An Industry on the Move

Some happenings in the web analytics industry that caught my eye today:

Omniture announced a new line of executive chairs that have built-in LCDs. This could be just the thing for busy folks to keep tabs on their site stats. The new division, Omni Furniture, has promised additional pieces in the future.

Urchin Software announced a special vertical release for banking and financial services firms. The software, Street Urchin, looks a little rough around the edges by design – apparently that “grimy feel” is playing well with the pinstripe set.

I just heard Apple has been grumbling about Coremetrics. Apparently Apple doesn’t like the use of the term “core”. The Beatles record company, Apple Corps, is not amused by Apple’s attitude. Can’t we all just get along?

Speaking of music, Visual Sciences are rumored to be changing their name to AV Sciences as they add what they call “symphonic analytics” to their lineup. Sounds interesting – ha ha!

Finally, I’m pleased to announce that Omniture CTO Brett Error and I are joining forces on a new part-time consultancy, Error Page Analytics.

An Industry on the Move

You Say Tomato…

Over at Coffee, Sun & Analytics, Xavier has a couple posts on session length. Some good thoughts there, but I was surprised at the statement

Session length = number of pages users viewed during their session on the site.

Call me old school, but I thought session length was the amount of time a user spent.

I can’t find any definitive phrase for what Xavier is talking about. At Accrue we called it Session Depth or Visit Depth (we said a session was user-centric: a user may visit many sites during a session). At Yahoo there’s no new term, it’s just “pageviews per session.”

Argh. Here we have two people with a lot of experience in web analytics and we’re not even speaking the same language. What a mess!

You Say Tomato…

Google Acquires Urchin

In other news, Google announced that they acquired Urchin, a web analytics vendor and service. This makes a lot of sense for Google, but not for some of the reasons I’ve seen speculated on.

One speculation is that it gives Google web analytics capabilities to analyze their site. Actually, no, it doesn’t. Google has too much traffic, and their analysis needs are too complex.

Another is that Google can now offer this as an additional capability to their AdWords / AdSense customers. I don’t buy this. Google’s already got enough reporting capabilities in the SEM (search engine marketing) area, and Urchin isn’t going to add any value here that couldn’t have been done cheaper in-house.

It’s also not because Google is just a bunch of Nice People and they want to have another tool in their portfolio of cool stuff.

So if Google doesn’t need this for their own analytics, or to offer to AdWords customers, why bother?
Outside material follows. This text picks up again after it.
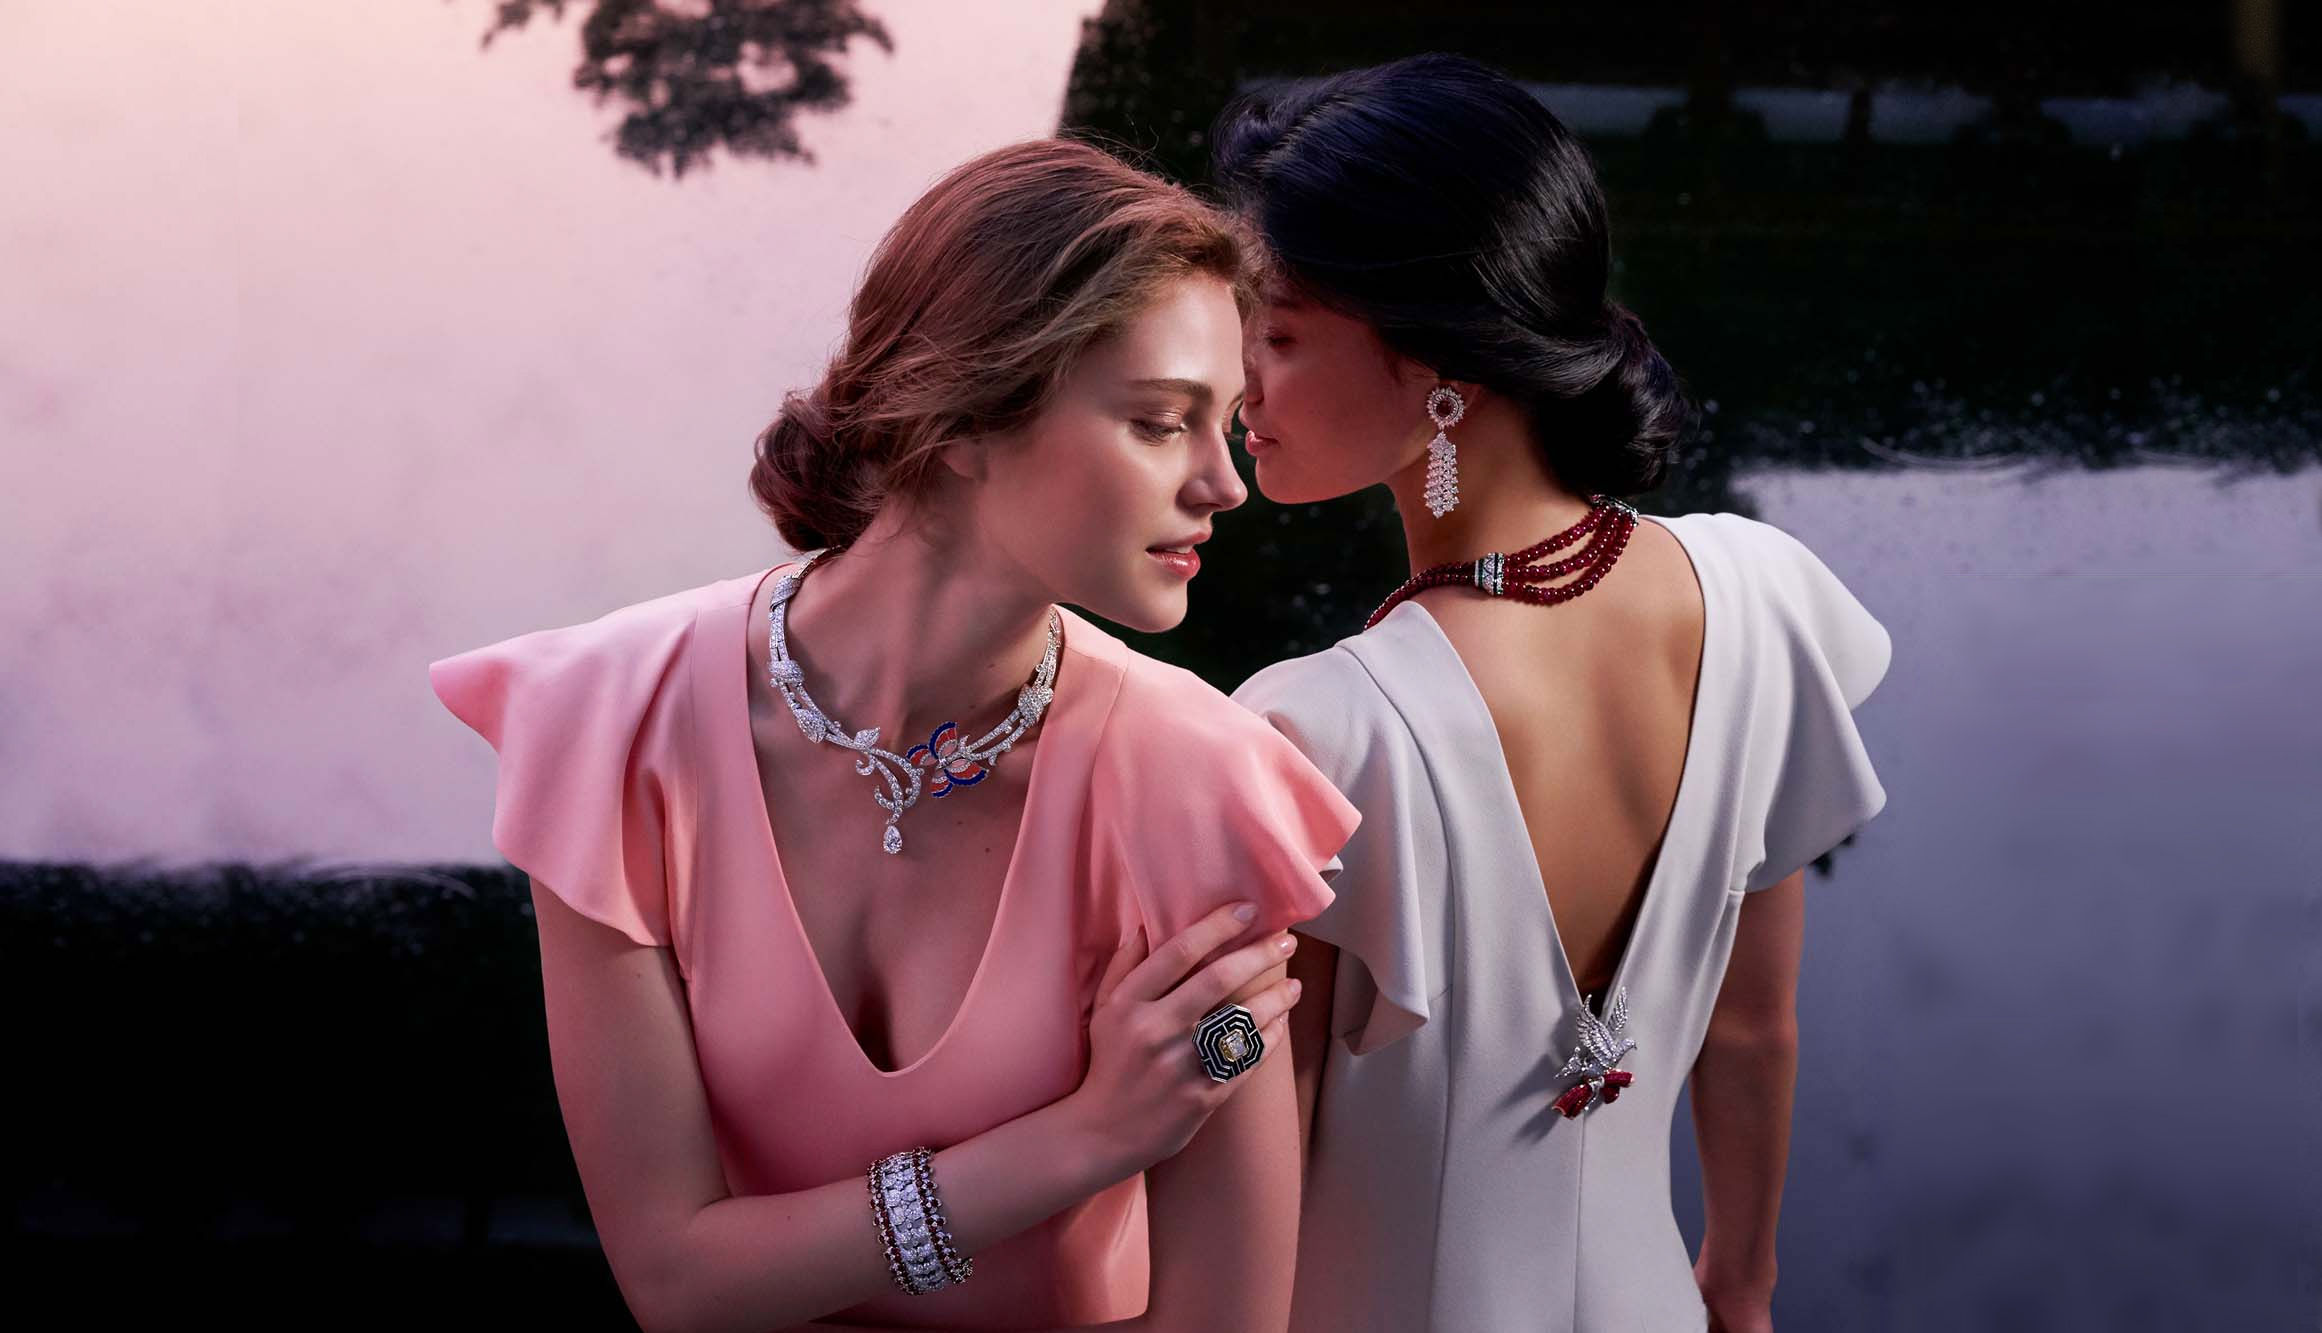 What Is Van Cleef & Arpels And Why Do Celebs Love This Jewelry Brand?

After all, Urchin isn’t a game-changing technology. There are better solutions available, no matter which axis you measure on.

Simple. Google did this because they want more ability to get off-network surfing data. They want to know, for people not using any Google services, what are they using? That information is partially available through AdSense, because AdSense lives on third-party sites. That’s a rich source of data. A nice way to get even more off-network data is to supply folks with a hosted analytics service that most small and medium-sized web sites can use. Simply put a web bug / beacon in your page, and we’ll track your visitors for you. And for us.

(Before you get all cynical on me: yes, Overture bought Keylime many years ago, for SEM reporting, and perhaps for off-network information, I don’t know. The difference between the Overture/Keylime and Google/Urchin deals is that Yahoo! and Overture are different legal entities, and have different privacy policies. As a result, Yahoo and Overture cannot share third-party information about web surfers. Whether or not that makes business sense is beside the point – Yahoo’s pretty rabid about privacy.)

One final element of this announcement. If there’s no privacy backlash, and web sites brush off the concept of Google as big brother, the low-end market for web analytics is effectively dead. Omniture, WebSideStory and (perhaps) CoreMetrics will survive, but it’s going to be tough for anyone else, which is going to give the newly independent WebTrends second thoughts about resurrecting WebTrends Live / WebTrends OnDemand.

Google Acquires Urchin

Shaking up the Analytics Landscape

In case you missed it, NetIQ is spinning out WebTrends. I won’t speculate why – oh hell, of course I will. I thought (and still think) that WebTrends went together with NetIQ only a small amount more than Andromedia went together with Macromedia – that is to say, not very much. The two companies have different lines of business, and web analytics ended up being a side show. WebTrends and NetIQ sell to different people in the organization – simple as that.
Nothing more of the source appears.